[Start of section]

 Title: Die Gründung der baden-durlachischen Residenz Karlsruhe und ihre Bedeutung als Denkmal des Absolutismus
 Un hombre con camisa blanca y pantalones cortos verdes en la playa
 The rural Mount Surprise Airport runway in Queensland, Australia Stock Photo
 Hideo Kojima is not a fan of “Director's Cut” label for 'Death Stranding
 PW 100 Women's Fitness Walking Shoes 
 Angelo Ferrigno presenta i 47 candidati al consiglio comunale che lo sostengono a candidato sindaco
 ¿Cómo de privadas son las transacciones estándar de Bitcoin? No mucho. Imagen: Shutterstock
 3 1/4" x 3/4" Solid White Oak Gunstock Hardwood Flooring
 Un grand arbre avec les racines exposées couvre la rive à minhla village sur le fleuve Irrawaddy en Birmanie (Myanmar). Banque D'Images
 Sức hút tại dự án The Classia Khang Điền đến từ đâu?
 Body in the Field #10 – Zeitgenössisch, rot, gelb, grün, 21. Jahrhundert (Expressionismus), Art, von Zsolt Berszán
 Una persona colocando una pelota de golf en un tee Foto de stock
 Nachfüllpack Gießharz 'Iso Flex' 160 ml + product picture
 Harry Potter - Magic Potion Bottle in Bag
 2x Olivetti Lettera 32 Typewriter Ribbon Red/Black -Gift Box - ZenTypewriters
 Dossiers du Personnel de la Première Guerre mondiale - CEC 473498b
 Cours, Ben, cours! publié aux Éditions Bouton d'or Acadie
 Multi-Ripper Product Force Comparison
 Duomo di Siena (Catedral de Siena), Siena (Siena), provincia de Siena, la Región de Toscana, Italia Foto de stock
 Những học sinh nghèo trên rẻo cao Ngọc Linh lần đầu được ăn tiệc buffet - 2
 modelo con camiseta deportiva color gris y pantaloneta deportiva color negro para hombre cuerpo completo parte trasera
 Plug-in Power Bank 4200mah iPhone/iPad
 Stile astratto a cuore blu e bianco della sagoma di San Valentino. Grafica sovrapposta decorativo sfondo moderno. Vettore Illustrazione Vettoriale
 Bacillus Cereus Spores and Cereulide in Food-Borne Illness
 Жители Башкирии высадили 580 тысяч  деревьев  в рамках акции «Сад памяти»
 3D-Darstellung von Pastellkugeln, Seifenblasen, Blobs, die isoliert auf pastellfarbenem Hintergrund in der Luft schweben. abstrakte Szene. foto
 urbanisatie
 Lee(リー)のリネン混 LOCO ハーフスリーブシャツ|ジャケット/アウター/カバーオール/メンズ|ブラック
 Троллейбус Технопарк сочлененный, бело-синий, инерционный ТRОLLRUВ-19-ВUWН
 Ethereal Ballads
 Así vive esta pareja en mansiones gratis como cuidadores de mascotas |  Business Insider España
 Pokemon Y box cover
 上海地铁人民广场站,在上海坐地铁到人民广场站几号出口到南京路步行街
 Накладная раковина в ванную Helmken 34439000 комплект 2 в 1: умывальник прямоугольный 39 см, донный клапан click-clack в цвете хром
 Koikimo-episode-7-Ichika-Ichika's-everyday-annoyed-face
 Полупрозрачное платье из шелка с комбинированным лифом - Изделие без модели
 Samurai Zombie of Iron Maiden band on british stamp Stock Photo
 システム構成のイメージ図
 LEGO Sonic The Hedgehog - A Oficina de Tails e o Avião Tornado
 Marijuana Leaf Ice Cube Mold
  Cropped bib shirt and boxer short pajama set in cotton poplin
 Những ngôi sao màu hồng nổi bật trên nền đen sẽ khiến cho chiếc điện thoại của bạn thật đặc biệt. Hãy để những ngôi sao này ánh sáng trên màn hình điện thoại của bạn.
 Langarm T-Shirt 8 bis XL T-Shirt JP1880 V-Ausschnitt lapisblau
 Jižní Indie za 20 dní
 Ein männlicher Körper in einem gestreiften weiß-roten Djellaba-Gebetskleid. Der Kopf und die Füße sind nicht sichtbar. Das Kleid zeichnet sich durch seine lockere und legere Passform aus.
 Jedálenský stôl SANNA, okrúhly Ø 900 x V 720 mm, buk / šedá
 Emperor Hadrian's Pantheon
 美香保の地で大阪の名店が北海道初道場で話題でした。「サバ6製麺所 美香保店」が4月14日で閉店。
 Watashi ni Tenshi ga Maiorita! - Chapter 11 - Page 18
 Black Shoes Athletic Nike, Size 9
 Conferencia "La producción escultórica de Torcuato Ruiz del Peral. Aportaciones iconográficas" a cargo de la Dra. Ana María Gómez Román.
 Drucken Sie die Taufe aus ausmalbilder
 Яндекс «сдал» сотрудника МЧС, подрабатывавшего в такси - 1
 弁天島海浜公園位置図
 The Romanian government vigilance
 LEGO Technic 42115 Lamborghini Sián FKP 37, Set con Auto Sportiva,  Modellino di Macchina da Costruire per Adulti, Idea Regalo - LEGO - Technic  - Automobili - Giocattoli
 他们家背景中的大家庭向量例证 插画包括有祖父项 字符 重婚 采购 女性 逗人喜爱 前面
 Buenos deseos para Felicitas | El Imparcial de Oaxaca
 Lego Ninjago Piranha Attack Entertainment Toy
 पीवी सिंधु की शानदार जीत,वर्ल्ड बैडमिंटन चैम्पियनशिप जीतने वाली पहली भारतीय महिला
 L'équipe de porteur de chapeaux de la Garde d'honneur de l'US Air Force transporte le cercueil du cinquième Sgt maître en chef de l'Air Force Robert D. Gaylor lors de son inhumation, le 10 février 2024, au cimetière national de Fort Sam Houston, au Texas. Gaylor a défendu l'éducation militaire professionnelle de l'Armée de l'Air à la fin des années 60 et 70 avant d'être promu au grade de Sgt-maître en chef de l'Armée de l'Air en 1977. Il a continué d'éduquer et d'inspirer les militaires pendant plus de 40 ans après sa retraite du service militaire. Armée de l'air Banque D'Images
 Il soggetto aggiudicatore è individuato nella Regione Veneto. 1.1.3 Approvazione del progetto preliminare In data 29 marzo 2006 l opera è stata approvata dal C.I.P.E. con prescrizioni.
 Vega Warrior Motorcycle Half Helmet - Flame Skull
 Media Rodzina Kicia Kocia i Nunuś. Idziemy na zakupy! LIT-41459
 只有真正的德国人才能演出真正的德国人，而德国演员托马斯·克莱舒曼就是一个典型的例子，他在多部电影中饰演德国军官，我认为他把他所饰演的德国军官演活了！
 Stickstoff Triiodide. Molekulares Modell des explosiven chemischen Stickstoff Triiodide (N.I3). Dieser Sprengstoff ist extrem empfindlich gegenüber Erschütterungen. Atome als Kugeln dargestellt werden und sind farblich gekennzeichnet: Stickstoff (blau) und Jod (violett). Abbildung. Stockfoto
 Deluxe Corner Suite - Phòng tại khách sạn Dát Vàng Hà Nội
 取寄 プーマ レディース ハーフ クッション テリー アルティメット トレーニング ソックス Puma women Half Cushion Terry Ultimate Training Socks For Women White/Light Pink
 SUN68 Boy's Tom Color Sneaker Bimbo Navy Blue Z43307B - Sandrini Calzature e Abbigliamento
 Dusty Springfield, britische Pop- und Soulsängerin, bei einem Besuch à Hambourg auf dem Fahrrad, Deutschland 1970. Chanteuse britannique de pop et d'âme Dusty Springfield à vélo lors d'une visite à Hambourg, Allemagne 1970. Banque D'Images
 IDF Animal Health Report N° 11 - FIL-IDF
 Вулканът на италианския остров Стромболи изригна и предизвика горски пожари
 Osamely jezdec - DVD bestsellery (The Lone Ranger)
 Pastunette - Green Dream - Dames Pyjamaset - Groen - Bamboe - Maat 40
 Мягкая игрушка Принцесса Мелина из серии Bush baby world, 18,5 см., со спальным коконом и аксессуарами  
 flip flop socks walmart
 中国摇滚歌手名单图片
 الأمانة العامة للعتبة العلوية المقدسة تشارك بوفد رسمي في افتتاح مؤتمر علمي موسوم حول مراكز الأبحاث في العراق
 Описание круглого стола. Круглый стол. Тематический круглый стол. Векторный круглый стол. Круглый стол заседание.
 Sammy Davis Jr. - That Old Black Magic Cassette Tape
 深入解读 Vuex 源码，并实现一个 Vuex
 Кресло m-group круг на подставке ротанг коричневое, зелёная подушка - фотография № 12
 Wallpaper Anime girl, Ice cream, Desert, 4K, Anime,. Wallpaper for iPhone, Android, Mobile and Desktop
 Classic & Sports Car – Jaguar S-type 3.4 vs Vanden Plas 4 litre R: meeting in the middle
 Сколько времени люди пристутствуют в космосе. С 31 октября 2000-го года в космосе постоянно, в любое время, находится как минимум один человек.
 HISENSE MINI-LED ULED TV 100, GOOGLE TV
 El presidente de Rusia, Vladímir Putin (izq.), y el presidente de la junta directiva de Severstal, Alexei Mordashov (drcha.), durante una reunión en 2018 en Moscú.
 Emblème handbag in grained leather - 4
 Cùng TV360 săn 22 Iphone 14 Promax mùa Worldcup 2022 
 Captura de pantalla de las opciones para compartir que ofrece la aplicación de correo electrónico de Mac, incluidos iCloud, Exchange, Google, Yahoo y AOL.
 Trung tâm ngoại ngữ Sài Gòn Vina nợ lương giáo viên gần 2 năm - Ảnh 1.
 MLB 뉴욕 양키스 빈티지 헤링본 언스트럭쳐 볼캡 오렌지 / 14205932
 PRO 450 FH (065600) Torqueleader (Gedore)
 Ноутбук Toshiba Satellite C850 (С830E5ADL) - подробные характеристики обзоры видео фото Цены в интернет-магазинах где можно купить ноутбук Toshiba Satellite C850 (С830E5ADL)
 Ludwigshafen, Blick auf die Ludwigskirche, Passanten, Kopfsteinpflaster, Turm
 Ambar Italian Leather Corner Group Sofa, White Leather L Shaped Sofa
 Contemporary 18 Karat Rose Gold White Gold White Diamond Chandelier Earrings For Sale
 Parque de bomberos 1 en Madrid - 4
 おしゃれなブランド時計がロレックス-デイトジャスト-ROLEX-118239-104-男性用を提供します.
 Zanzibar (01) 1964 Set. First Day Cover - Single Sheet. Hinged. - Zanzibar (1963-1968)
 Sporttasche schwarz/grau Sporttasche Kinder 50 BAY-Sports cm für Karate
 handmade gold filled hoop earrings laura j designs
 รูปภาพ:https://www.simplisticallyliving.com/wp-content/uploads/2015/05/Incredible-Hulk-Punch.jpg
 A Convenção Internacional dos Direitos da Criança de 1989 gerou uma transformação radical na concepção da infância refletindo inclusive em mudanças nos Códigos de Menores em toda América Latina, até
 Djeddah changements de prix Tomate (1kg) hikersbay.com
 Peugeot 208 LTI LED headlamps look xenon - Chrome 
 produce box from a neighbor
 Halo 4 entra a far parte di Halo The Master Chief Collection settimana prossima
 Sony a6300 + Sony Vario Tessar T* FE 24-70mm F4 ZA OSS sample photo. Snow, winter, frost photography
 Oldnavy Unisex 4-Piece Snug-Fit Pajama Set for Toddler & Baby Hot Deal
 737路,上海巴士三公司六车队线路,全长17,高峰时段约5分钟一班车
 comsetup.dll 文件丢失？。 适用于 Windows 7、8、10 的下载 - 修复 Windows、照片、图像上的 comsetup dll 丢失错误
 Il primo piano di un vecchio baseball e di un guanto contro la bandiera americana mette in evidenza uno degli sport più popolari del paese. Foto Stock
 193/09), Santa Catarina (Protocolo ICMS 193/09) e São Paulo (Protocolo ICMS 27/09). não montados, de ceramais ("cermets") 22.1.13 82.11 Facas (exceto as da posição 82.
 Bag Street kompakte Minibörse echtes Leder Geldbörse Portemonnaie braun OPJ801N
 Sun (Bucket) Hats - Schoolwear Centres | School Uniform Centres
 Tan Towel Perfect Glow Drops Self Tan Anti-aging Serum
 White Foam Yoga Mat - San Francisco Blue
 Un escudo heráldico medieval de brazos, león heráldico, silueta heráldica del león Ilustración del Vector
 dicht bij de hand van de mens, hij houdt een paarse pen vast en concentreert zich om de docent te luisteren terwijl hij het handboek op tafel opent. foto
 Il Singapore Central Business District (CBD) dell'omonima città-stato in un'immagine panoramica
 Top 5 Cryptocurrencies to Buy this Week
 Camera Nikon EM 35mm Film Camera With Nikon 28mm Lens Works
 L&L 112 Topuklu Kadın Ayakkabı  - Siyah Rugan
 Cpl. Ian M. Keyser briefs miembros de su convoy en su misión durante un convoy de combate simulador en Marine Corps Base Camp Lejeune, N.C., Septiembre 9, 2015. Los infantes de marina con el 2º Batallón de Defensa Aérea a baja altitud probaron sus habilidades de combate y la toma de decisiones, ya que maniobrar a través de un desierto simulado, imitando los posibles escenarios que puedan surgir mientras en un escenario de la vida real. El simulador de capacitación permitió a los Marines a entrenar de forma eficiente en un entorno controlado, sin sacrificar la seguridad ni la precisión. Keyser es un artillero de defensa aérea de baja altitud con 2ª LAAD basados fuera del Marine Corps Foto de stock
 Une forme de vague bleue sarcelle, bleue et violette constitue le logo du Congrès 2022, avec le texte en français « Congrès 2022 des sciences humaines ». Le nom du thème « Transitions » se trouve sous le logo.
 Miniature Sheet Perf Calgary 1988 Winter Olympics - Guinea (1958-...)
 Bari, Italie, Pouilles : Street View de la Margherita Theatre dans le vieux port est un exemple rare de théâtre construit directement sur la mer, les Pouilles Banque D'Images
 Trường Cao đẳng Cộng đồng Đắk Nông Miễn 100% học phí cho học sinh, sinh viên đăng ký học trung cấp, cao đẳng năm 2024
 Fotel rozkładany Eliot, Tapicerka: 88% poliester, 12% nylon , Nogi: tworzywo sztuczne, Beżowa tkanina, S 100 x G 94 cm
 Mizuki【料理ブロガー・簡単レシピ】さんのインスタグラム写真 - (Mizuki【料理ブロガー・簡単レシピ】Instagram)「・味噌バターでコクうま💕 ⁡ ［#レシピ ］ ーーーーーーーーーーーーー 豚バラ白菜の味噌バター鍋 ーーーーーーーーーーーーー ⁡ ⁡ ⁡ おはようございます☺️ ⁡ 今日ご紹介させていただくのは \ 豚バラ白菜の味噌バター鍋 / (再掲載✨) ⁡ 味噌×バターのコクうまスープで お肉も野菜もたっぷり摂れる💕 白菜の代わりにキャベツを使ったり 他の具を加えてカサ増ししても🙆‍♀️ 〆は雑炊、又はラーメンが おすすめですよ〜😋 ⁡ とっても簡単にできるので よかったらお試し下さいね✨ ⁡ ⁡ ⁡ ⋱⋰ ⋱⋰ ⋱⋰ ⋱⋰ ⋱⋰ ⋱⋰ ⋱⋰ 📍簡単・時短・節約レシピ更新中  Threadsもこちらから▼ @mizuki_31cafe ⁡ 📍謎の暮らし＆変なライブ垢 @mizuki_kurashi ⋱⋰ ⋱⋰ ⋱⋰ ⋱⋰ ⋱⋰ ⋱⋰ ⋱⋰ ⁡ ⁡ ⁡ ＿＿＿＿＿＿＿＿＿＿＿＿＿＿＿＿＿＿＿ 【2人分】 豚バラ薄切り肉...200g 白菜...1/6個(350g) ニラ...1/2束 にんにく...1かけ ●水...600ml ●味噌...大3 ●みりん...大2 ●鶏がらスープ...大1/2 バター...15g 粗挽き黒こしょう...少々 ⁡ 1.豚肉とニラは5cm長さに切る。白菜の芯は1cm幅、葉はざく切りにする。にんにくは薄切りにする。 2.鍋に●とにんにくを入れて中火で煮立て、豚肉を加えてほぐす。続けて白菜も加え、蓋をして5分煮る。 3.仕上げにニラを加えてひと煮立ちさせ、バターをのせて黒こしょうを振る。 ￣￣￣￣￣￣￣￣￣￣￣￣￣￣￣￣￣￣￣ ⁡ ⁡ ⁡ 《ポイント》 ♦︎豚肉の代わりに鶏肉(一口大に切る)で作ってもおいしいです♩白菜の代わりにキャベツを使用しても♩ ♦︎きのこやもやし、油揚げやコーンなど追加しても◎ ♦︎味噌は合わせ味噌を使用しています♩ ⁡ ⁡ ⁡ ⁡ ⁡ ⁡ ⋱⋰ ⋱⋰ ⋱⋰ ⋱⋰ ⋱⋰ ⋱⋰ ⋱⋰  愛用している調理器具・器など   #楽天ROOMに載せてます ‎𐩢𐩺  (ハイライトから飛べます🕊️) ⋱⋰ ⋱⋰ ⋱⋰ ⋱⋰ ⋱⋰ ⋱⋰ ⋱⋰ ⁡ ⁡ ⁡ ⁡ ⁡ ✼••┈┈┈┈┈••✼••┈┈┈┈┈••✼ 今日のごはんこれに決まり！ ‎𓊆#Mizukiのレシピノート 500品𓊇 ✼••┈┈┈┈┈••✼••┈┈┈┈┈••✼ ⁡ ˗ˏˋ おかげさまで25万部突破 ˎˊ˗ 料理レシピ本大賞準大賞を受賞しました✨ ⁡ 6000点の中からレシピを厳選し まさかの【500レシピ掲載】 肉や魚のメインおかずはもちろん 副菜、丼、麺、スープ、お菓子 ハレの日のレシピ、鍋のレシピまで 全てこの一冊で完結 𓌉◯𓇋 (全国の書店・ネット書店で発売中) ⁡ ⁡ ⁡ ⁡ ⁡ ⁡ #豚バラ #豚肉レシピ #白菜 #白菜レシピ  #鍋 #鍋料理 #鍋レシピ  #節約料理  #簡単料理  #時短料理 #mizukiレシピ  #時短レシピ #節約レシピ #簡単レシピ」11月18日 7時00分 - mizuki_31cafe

[End of section]

• [Goal of the exercise] Look above for the line that contains "Ethereal Ballads". Starting there, transcribe every line exactly until you have copied the line that contains "Black Shoes Athletic Nike, Size 9".

• [Result of this task]
 Ethereal Ballads
 Así vive esta pareja en mansiones gratis como cuidadores de mascotas |  Business Insider España
 Pokemon Y box cover
 上海地铁人民广场站,在上海坐地铁到人民广场站几号出口到南京路步行街
 Накладная раковина в ванную Helmken 34439000 комплект 2 в 1: умывальник прямоугольный 39 см, донный клапан click-clack в цвете хром
 Koikimo-episode-7-Ichika-Ichika's-everyday-annoyed-face
 Полупрозрачное платье из шелка с комбинированным лифом - Изделие без модели
 Samurai Zombie of Iron Maiden band on british stamp Stock Photo
 システム構成のイメージ図
 LEGO Sonic The Hedgehog - A Oficina de Tails e o Avião Tornado
 Marijuana Leaf Ice Cube Mold
  Cropped bib shirt and boxer short pajama set in cotton poplin
 Những ngôi sao màu hồng nổi bật trên nền đen sẽ khiến cho chiếc điện thoại của bạn thật đặc biệt. Hãy để những ngôi sao này ánh sáng trên màn hình điện thoại của bạn.
 Langarm T-Shirt 8 bis XL T-Shirt JP1880 V-Ausschnitt lapisblau
 Jižní Indie za 20 dní
 Ein männlicher Körper in einem gestreiften weiß-roten Djellaba-Gebetskleid. Der Kopf und die Füße sind nicht sichtbar. Das Kleid zeichnet sich durch seine lockere und legere Passform aus.
 Jedálenský stôl SANNA, okrúhly Ø 900 x V 720 mm, buk / šedá
 Emperor Hadrian's Pantheon
 美香保の地で大阪の名店が北海道初道場で話題でした。「サバ6製麺所 美香保店」が4月14日で閉店。
 Watashi ni Tenshi ga Maiorita! - Chapter 11 - Page 18
 Black Shoes Athletic Nike, Size 9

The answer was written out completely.